如何从XML输出显示非ASCII字符

Question

I get this output in a XML element: 我在XML元素中得到以下输出：

&#xA3;111.00

It should be £111.00 . 应该是£111.00 。

How can i sort this out so that all unicode characters are displayed rather than the code. 我如何解决这个问题，以便显示所有unicode字符而不是代码。 I am using linux tool wget to fetch the xml file from the Internet. 我正在使用linux工具wget从Internet上获取xml文件。 Perhaps some sort of convertor? 也许某种转换器？

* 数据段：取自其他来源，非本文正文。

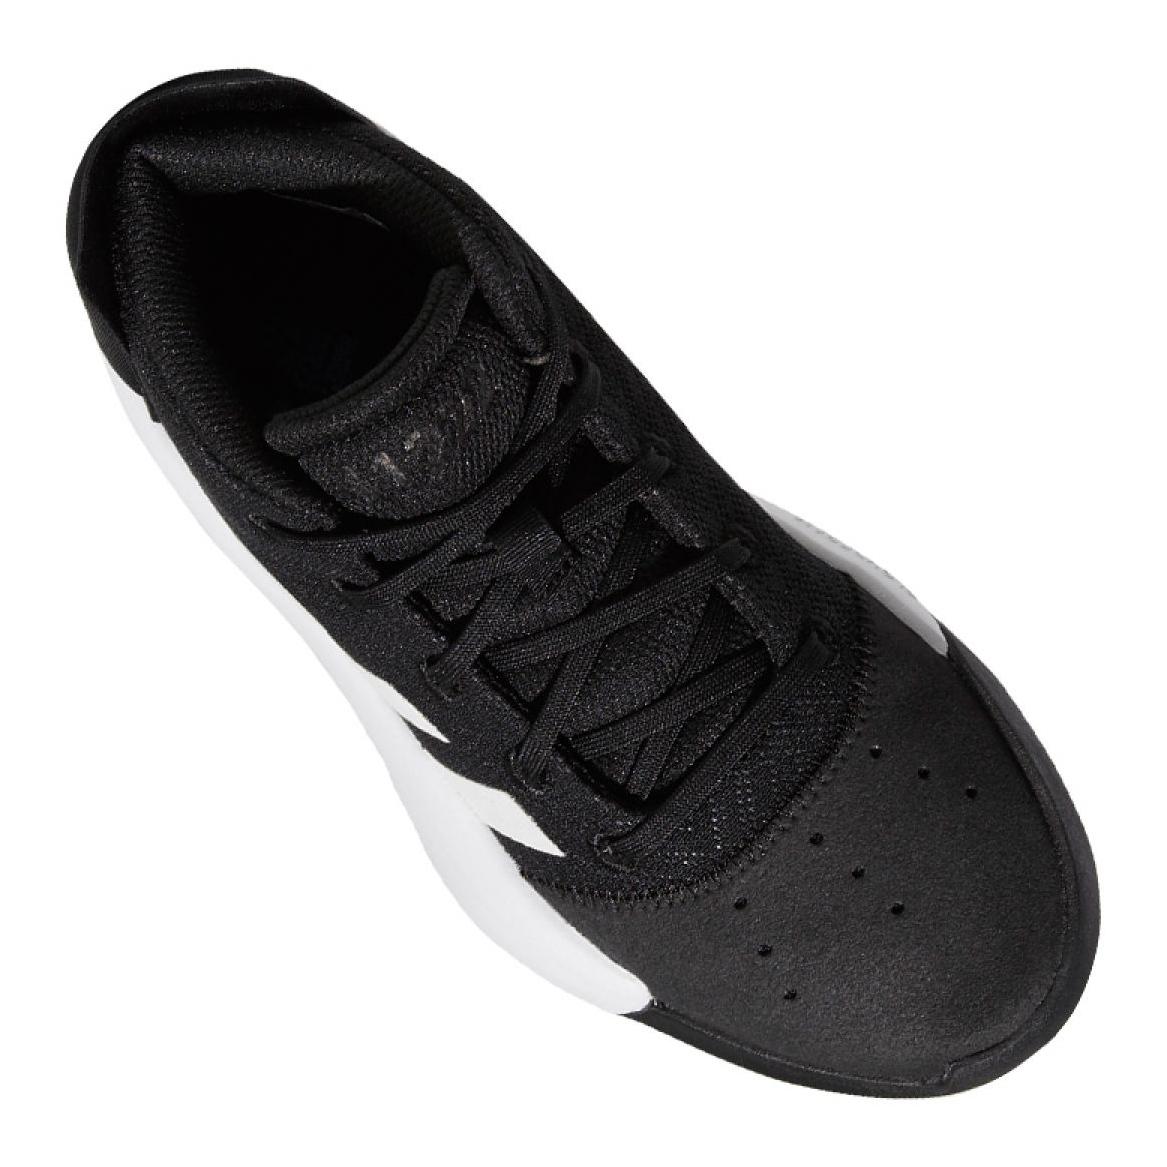 Adidas Pro Adversary 2019 K Jr BB9123 cipő fekete fekete

I am viewing the file in putty , i am parsing the file and i want to clean the input before parsing. 我正在查看腻子中的文件，正在解析文件，并且想在解析之前清除输入。

I am using xml_grep2 to get the elements i want and then cat filename | 我正在使用xml_grep2来获取所需的元素，然后使用cat文件名| while read ..... 同时阅读.....

Answer 1

You can use HTML::Entities to replace the entities with literal character codes. 您可以使用HTML :: Entities用文字字符代码替换实体。 I don't know how good its coverage is, though. 我不知道它的覆盖范围有多好。 There are bound to be similar tools for other languages if you are not comfortable with Perl. 如果您对Perl不满意，那么肯定会有其他语言的类似工具。 http://metacpan.org/pod/HTML::Entities http://metacpan.org/pod/HTML ::实体

sh$ echo '&#xA3;111.00' | perl -CSD -MHTML::Entities -pe 'decode_entities($_)'
£111.00

This won't work if the HTML::Entities module is not installed. 如果未安装HTML :: Entities模块，则此方法将无效。 If you need to install it, there are numerous tutorials about the CPAN on the Internet. 如果需要安装它，Internet上有许多有关CPAN的教程。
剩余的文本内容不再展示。